- Interactive map of the Isho area

General information
- Status: Under construction
- Location: Timișoara, Romania
- Coordinates: 45°45′38″N 21°14′39″E﻿ / ﻿45.7606°N 21.2443°E
- Construction started: 2017
- Cost: € 130 million
- Owner: Mulberry Development

Height
- Roof: 75 m (246 ft) (Riverside A)

Technical details
- Floor count: 6 to 20

Design and construction
- Architects: Andreescu & Gaivoronschi

= Isho, Romania =

Mixed-use complex in Timișoara, Romania

Isho, sometimes stylized in all caps, is a mixed-use development edge city located in Timișoara, Romania. The project was conceived from the beginning to integrate residential, hotel, retail and entertainment functions.

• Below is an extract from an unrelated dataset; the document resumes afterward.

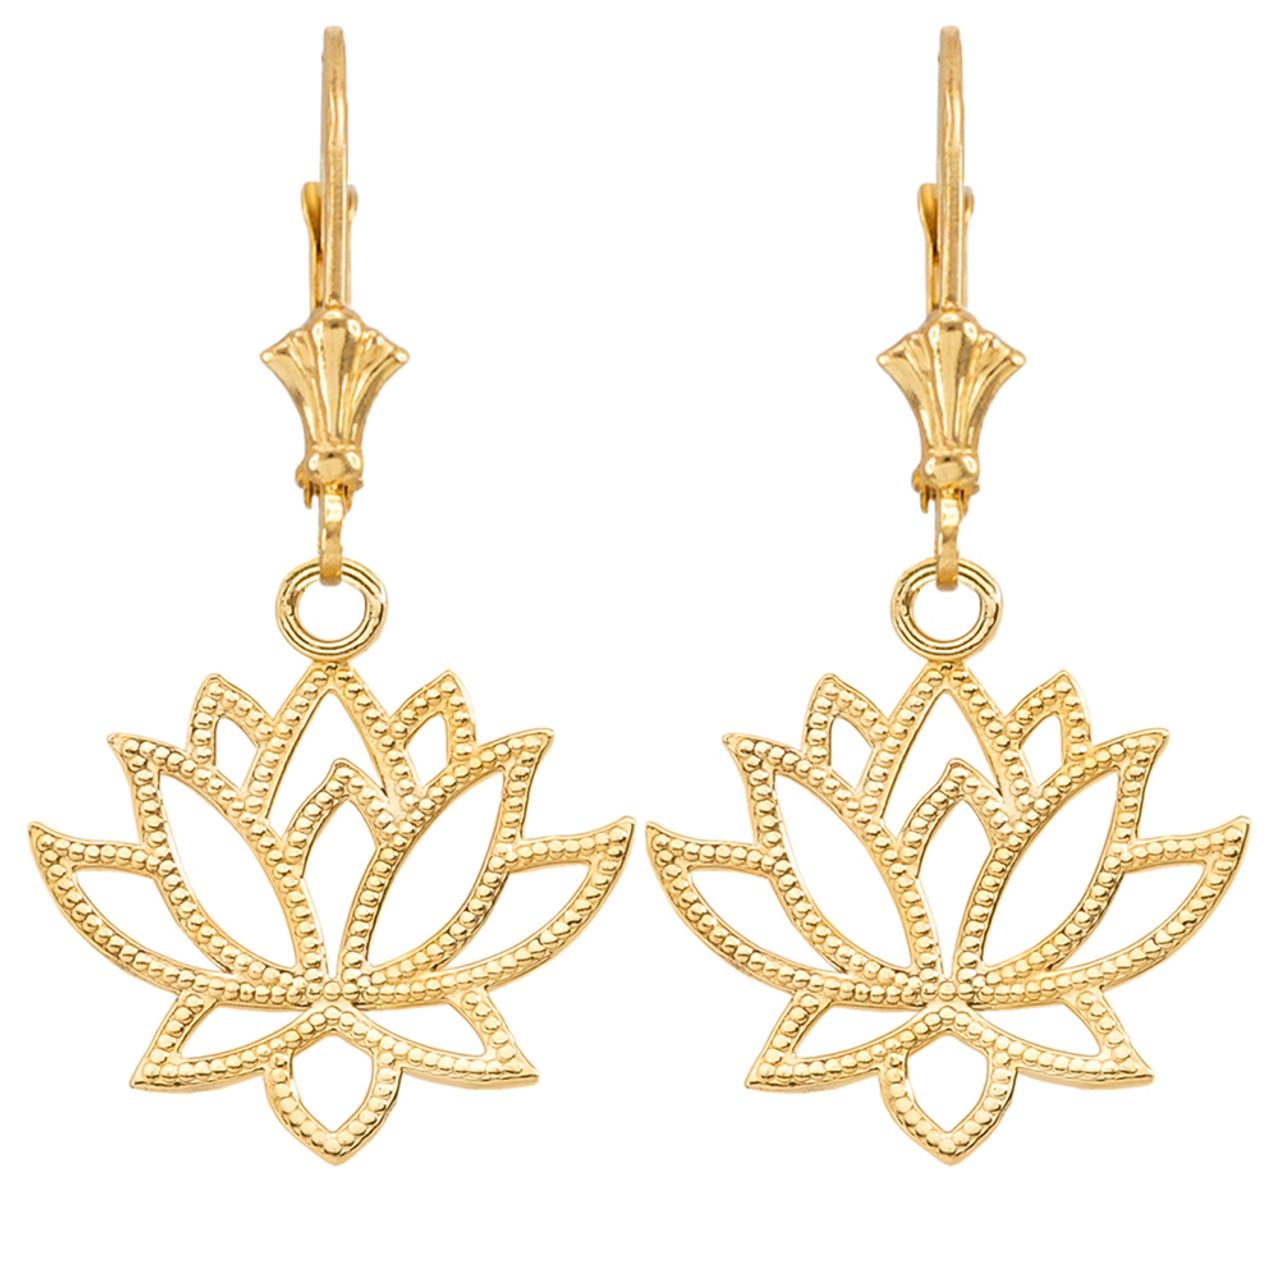 Lotus Flower Earrings In Yellow Gold

The mixed project includes, in addition to the previous facilities, a 7500 m2 park, event rooms, offices, a multi-story car park and an expo pavilion. The gross area amounts to approximately 200000 m2 with rentable area of about 135000 m2. The complex is the home of the tallest residential buildings in Timișoara (Riverside A – 75 m and Parkside D – 70 m).

==History==
The current complex was built on vacant land that belonged to the former ILSA wool factory until 2012. Isho is a project by Mulberry Development, a real estate firm founded by Ovidiu Șandor, which previously developed office complexes such as the City Business Centre in Timișoara and The Office in Cluj-Napoca. Șandor introduced a new urban center concept designed to support the gradual development of the area. The office component was designed for a phased development, in three phases. Construction of the project began in 2016.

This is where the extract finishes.